I shorted the blue (5V trickle) and white (/PFW) wires and the power supply was able to start without it being connected to the logic board. So that's at least a good thing. This time, like an ATX, it doesn't need any load to power itself on. Plus when it's powered that way the PSU doesn't reset itself anymore, because all the other rails (-12V, +12V and 5V trickle) are working perfectly fine. However, I am getting absolutely nothing on the 5V rail. ZERO, NADA. Again, that's 'somewhat' good news, as I used to think the PSU was shutting itself off due to a serious problem (shorts etc...). As it turns out, it's just because the /PFW line isn't powered correctly. 

So the problem resides within the 5V rail. I'd say it's more capacitor related as I did wait about 20 hours since yesterday to test it again and it was still in the endless reset loop. But yesterday, after a few of weeks of rest, it worked fine for a while until I started loading it. If heat or a bad joint had been the culprit, it would have had plenty of time to cool down... But again, I only chose Nichicons and all of them were rated way higher than the originals. So IDK.

Problem is nearly off my hands.
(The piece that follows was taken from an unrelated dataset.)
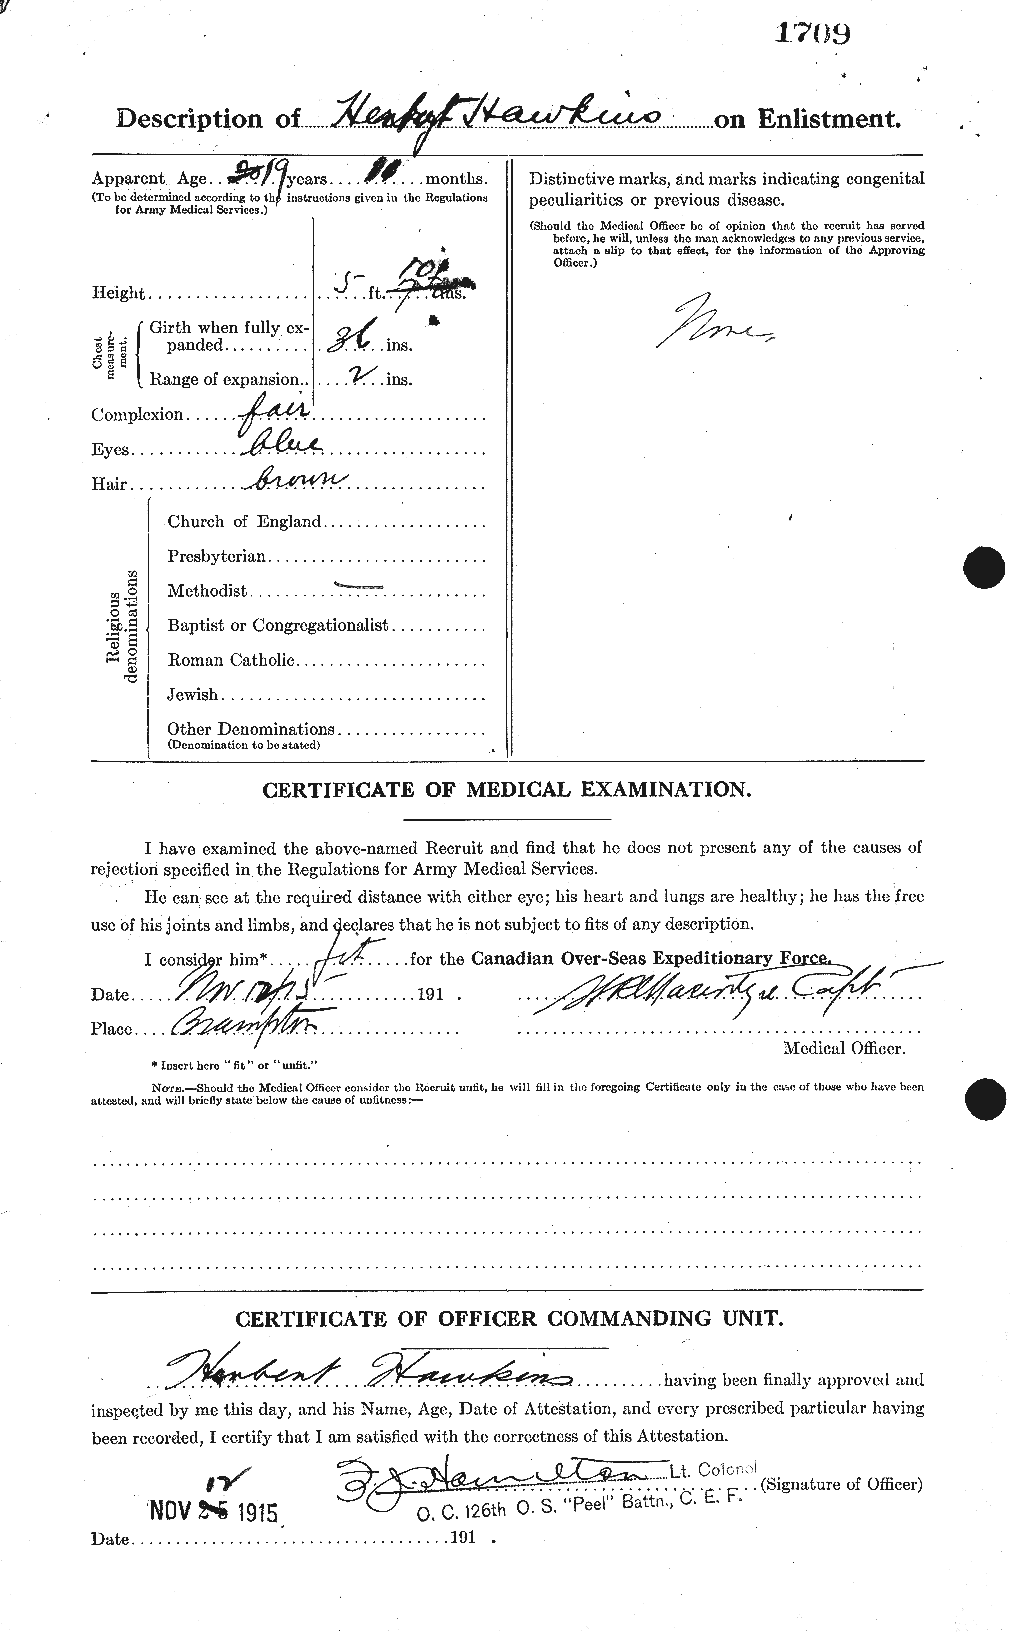 Personnel Records of the First World War - CEF 387149b

I'll give the PSU to a professional (again, I don't have the time to troubleshoot more) and report back when it's done. 

 

BadGoldEagle

Well-known member
I've had to find another workshop as the first one wasn't really interested. The second one I've found is great though. This guy services industrial grade PSUs but he's also a 'Funk' collector (ie radios, TVs, talkie walkies, CB etc.) and an Apple aficionado. He worked on a few Lisas and has a Powerbook 190. TBH, we chatted more about those than about the actual repair...

If he can fix it, he'll even do a 24h stress test. I'll update you guys as soon as I hear from him.